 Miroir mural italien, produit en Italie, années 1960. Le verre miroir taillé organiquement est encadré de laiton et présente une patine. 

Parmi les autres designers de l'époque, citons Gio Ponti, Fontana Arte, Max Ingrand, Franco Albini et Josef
* * *
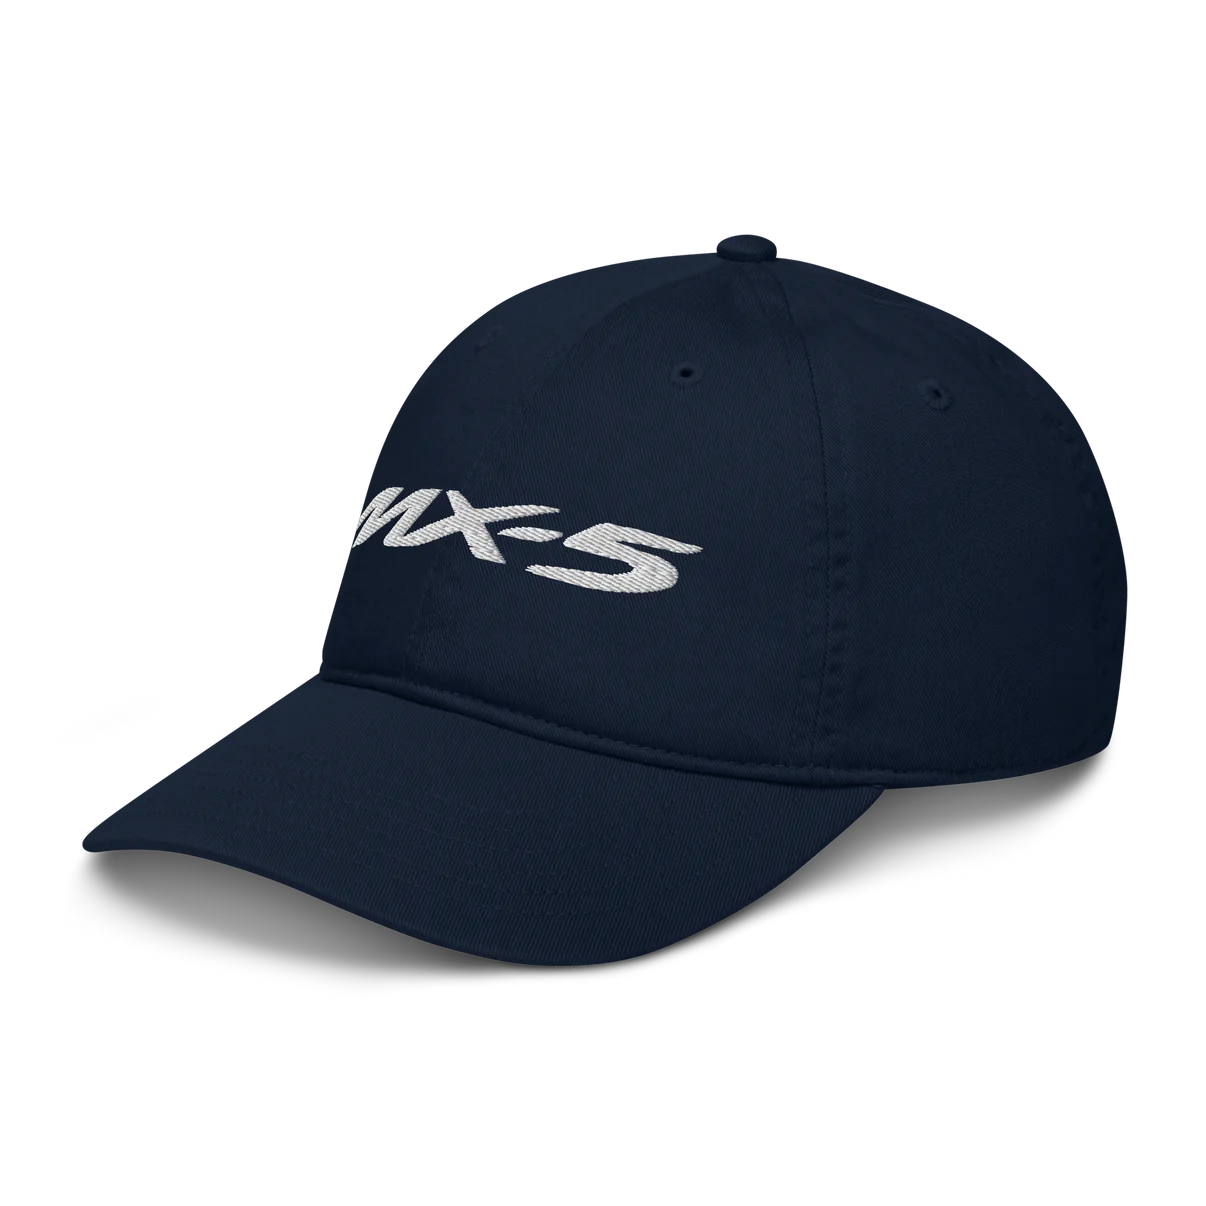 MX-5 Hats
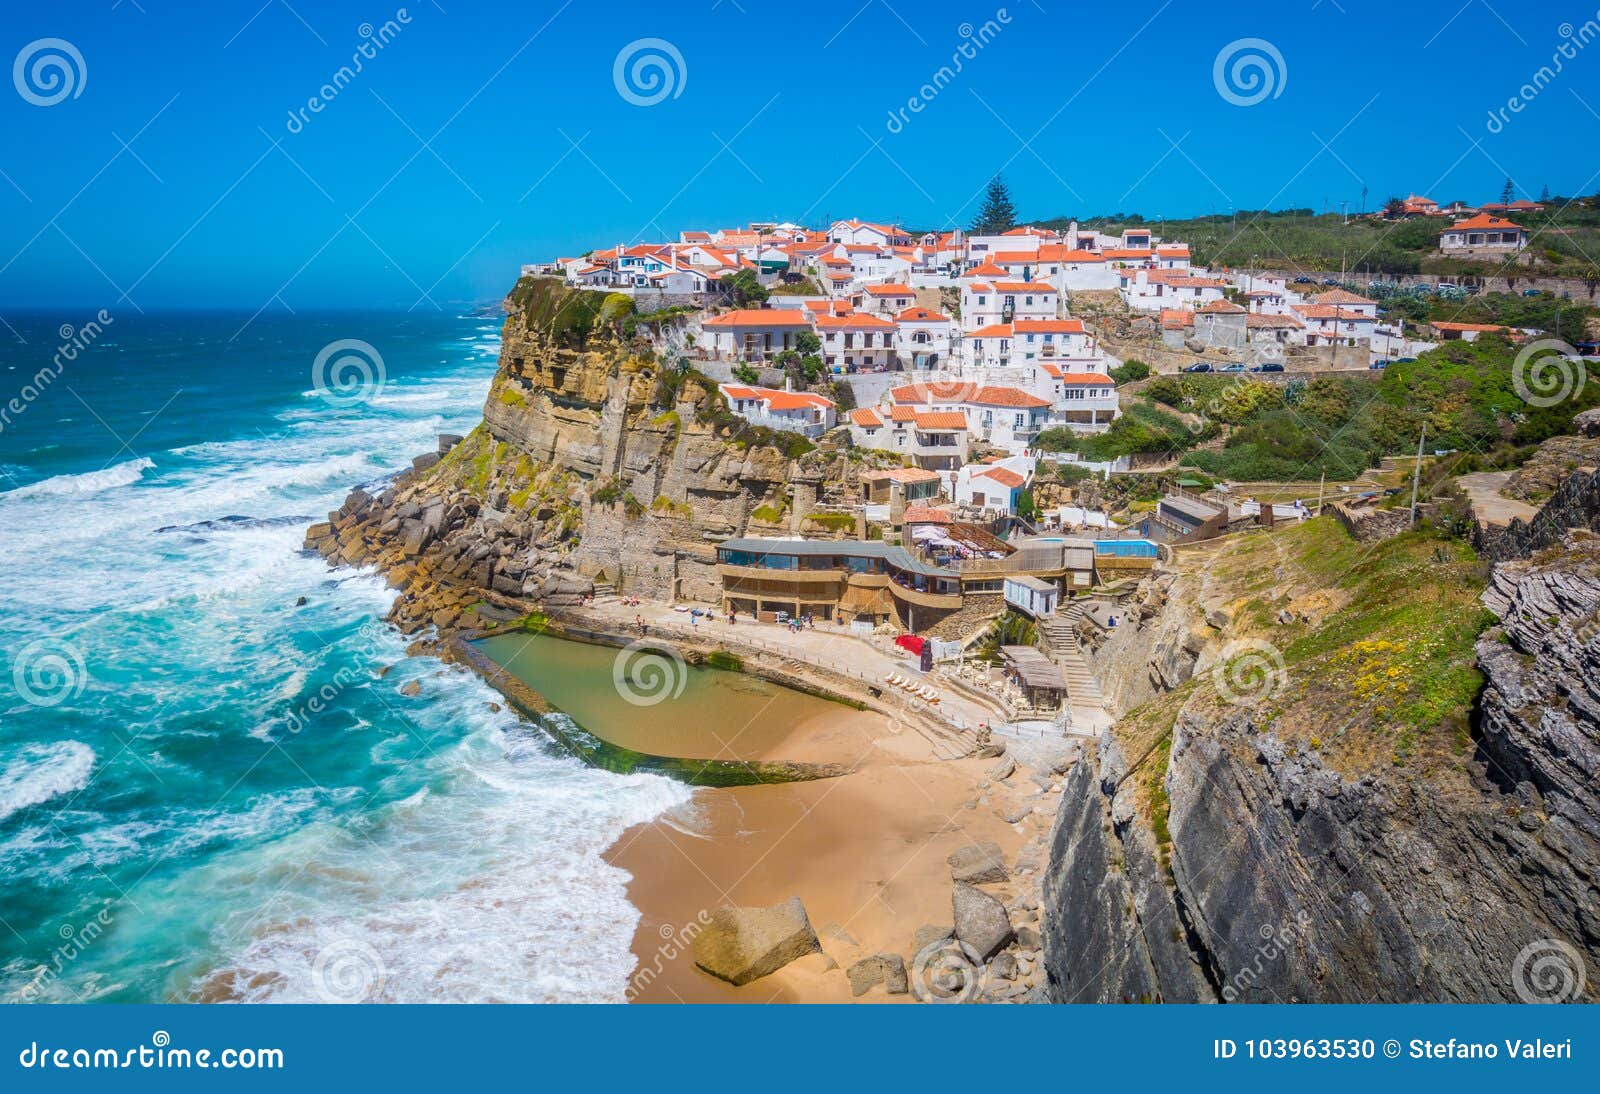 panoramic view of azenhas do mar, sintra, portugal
==
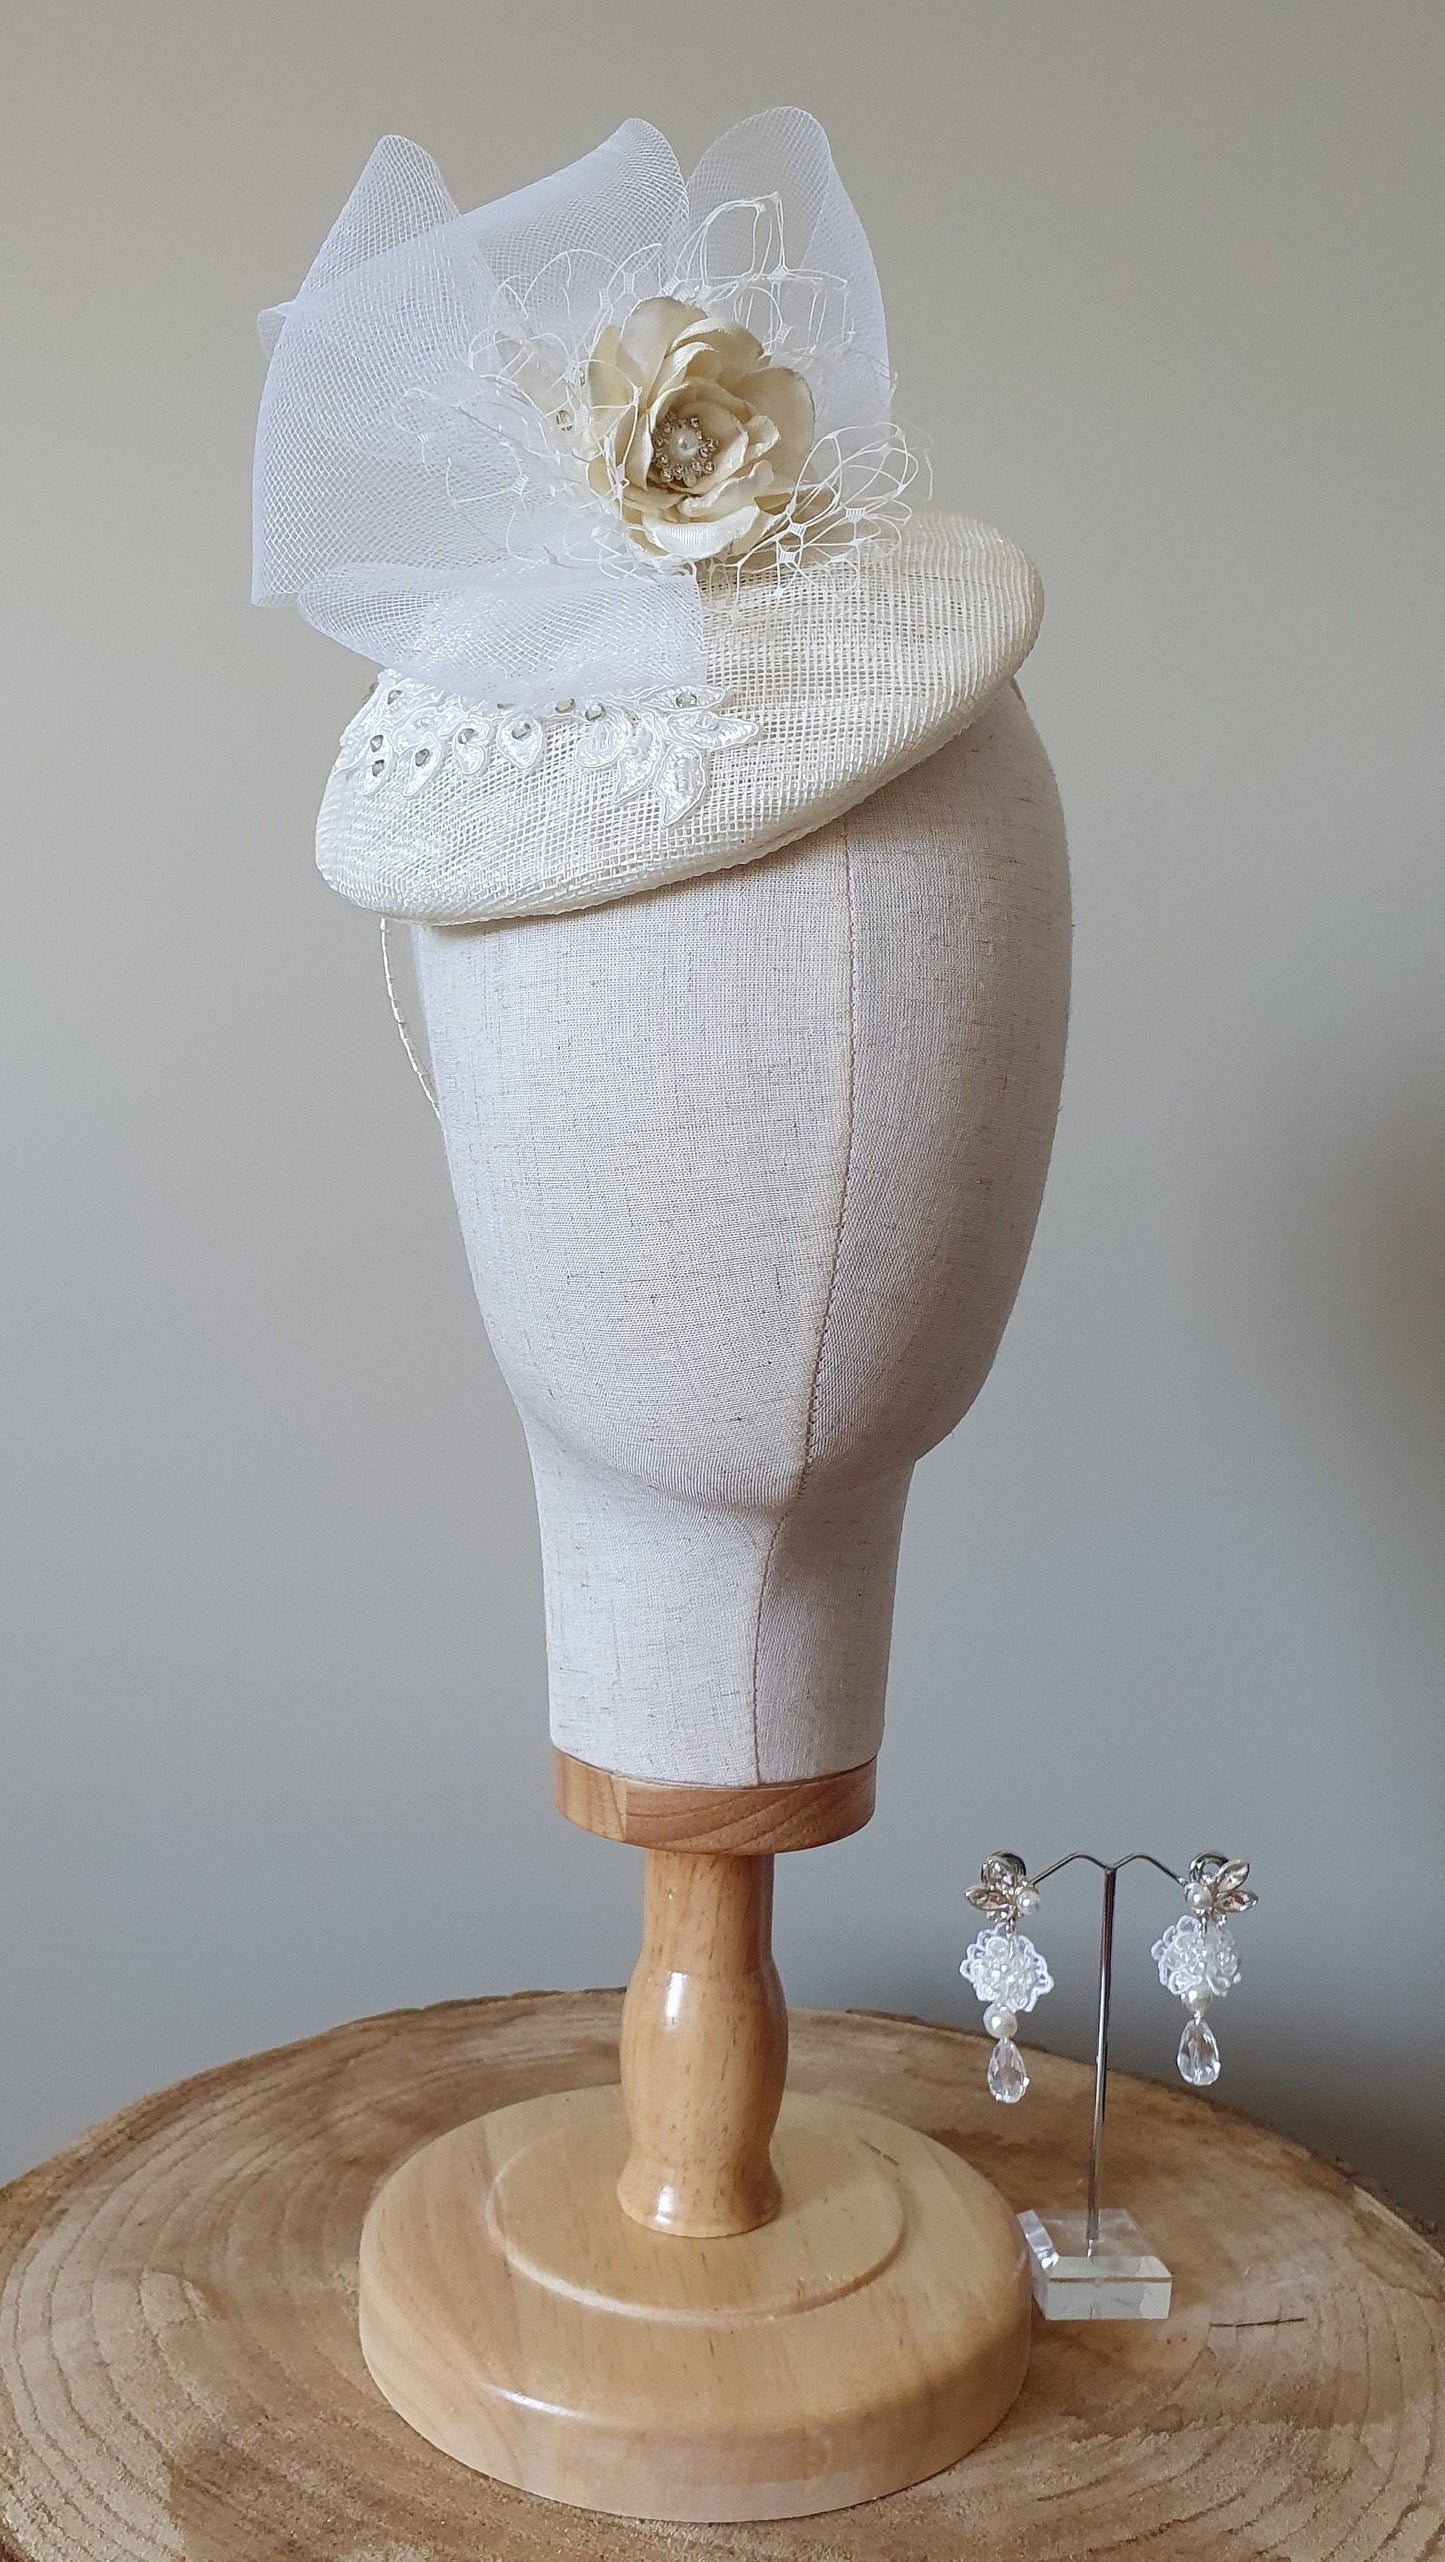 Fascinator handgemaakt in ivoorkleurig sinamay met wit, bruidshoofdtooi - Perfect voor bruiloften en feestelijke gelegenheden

_YOUR ASSIGNMENT_
Reproduce exactly the lines above from the line with "Miroir mural italien, produit" to the line with "Parmi les autres", including both, and add nothing.

_REPLY TO THE TASK_
 Miroir mural italien, produit en Italie, années 1960. Le verre miroir taillé organiquement est encadré de laiton et présente une patine. 

Parmi les autres designers de l'époque, citons Gio Ponti, Fontana Arte, Max Ingrand, Franco Albini et Josef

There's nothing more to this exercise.